Question 4 True / False
The amygdala is a specialized fear center whose mainly function is to detect threatening stimuli and produce fear responses.
TTrue
FFalse
Answer: False
The amygdala processes emotional significance broadly, not fear exclusively. It is activated by positive stimuli (food rewards, attractive faces, pleasurable events), by novelty and uncertainty, and by social signals of many kinds. The amygdala's role in reward learning and social cognition is well-established. The 'fear center' label arose because fear conditioning is a methodologically convenient paradigm, but conflating the amygdala's experimental role in fear research with its broader function in evaluating motivational relevance misrepresents the neuroscience. Amygdala damage disrupts reward learning and social judgment as well as fear responses.
Question 5 Short Answer
Why does extinction represent new inhibitory learning rather than erasure of the fear memory, and what evidence from animal studies supports this interpretation?

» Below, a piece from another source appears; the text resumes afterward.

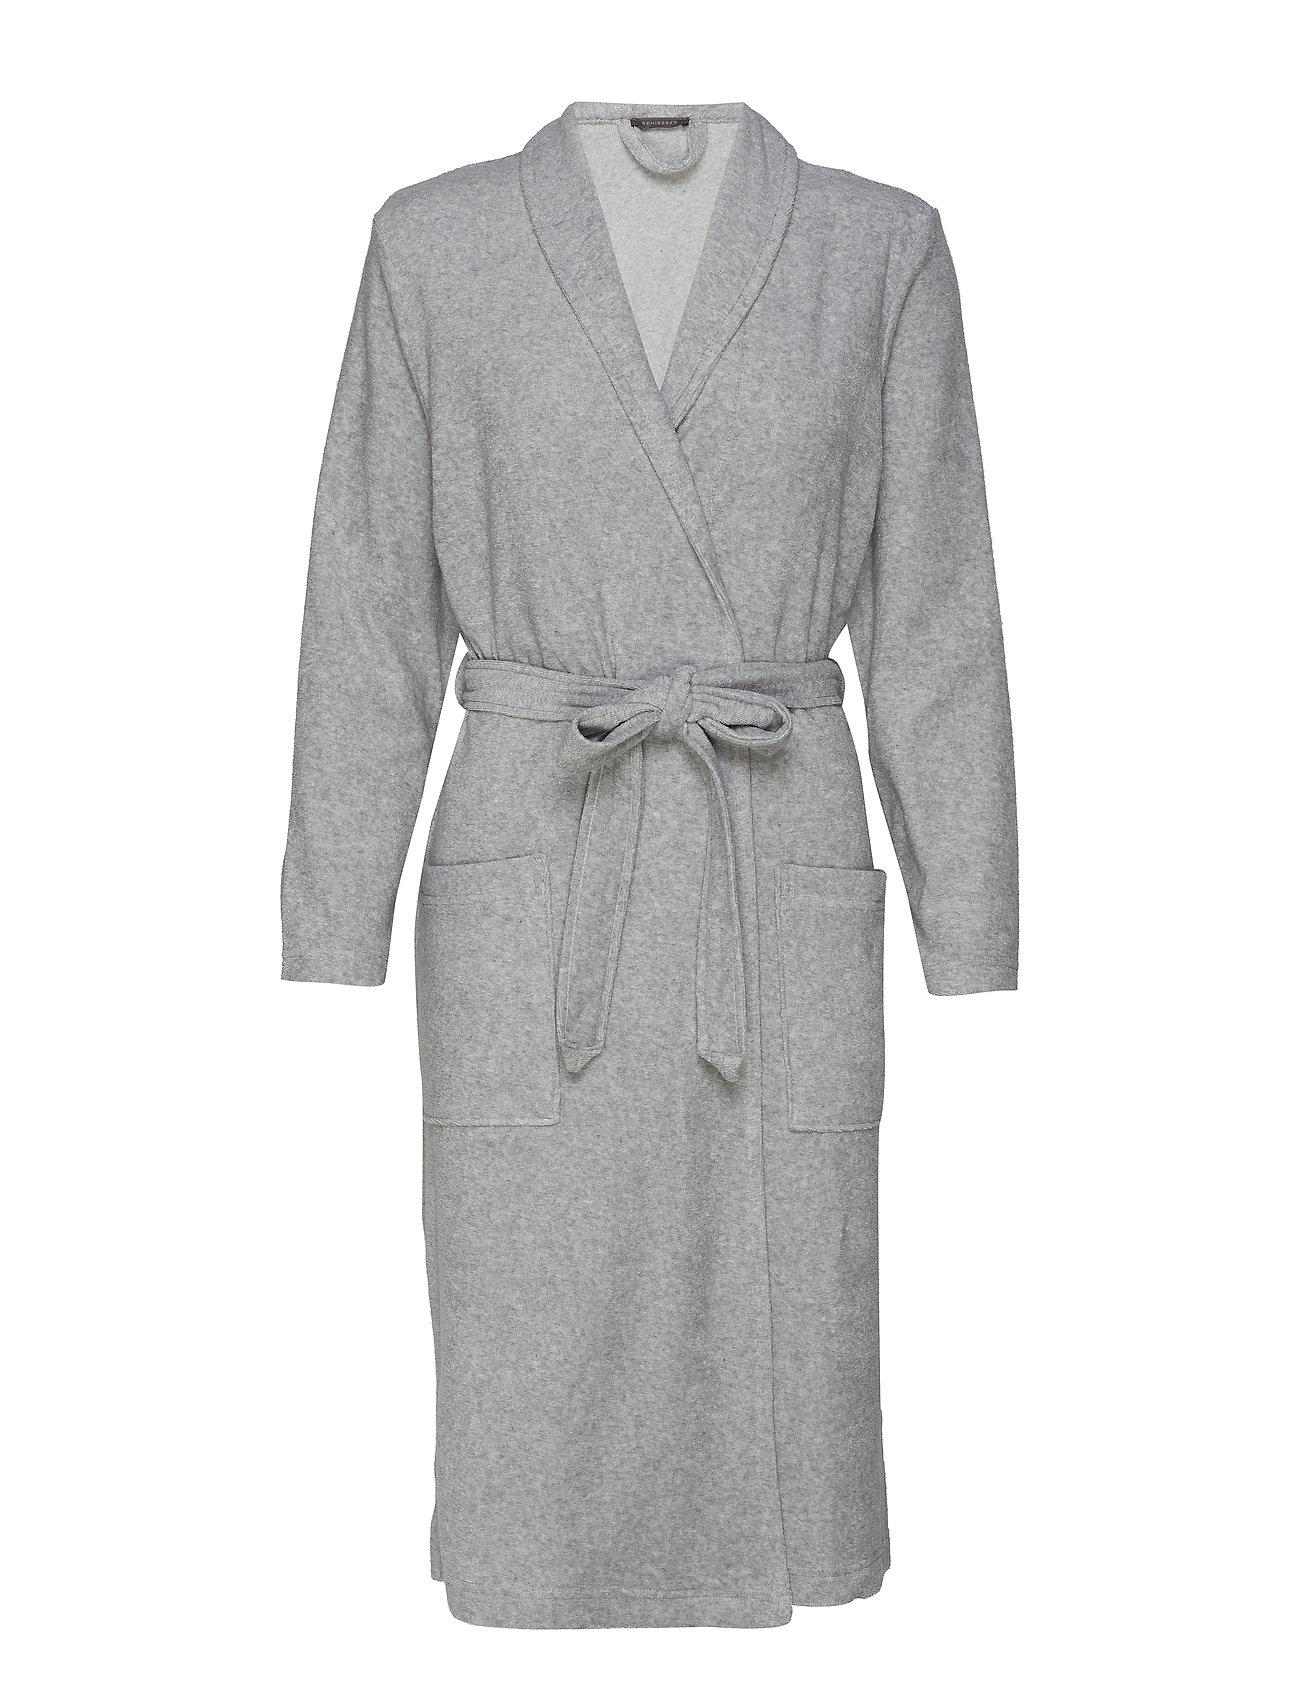 Schiesser Bath Robe - GREY MELANGE

Think about your answer, then reveal below.
Model answer: Extinction creates a new association (CS predicts safety) in prefrontal cortex, which projects to inhibitory interneurons in the amygdala to suppress fear expression. The original CS–US fear trace in the lateral amygdala persists. Three phenomena demonstrate this: (1) spontaneous recovery — fear returns after a rest interval with no further shocks; (2) renewal — fear returns when testing occurs in a different context from extinction; (3) reinstatement — a single unsignaled shock after extinction restores fear responses. All three require the original memory to be latent, not erased.
These three phenomena are the canonical evidence against the erasure interpretation. They show that extinction is context-dependent and time-limited in a way that complete erasure would not be. Clinically, this means exposure therapy creates a competing inhibitory memory, not a cure — relapse is predictable when inhibitory control is disrupted by stress, context change, or time. This understanding motivates research into pharmacological agents that enhance extinction consolidation, making the new inhibitory memory stronger and more resistant to disruption.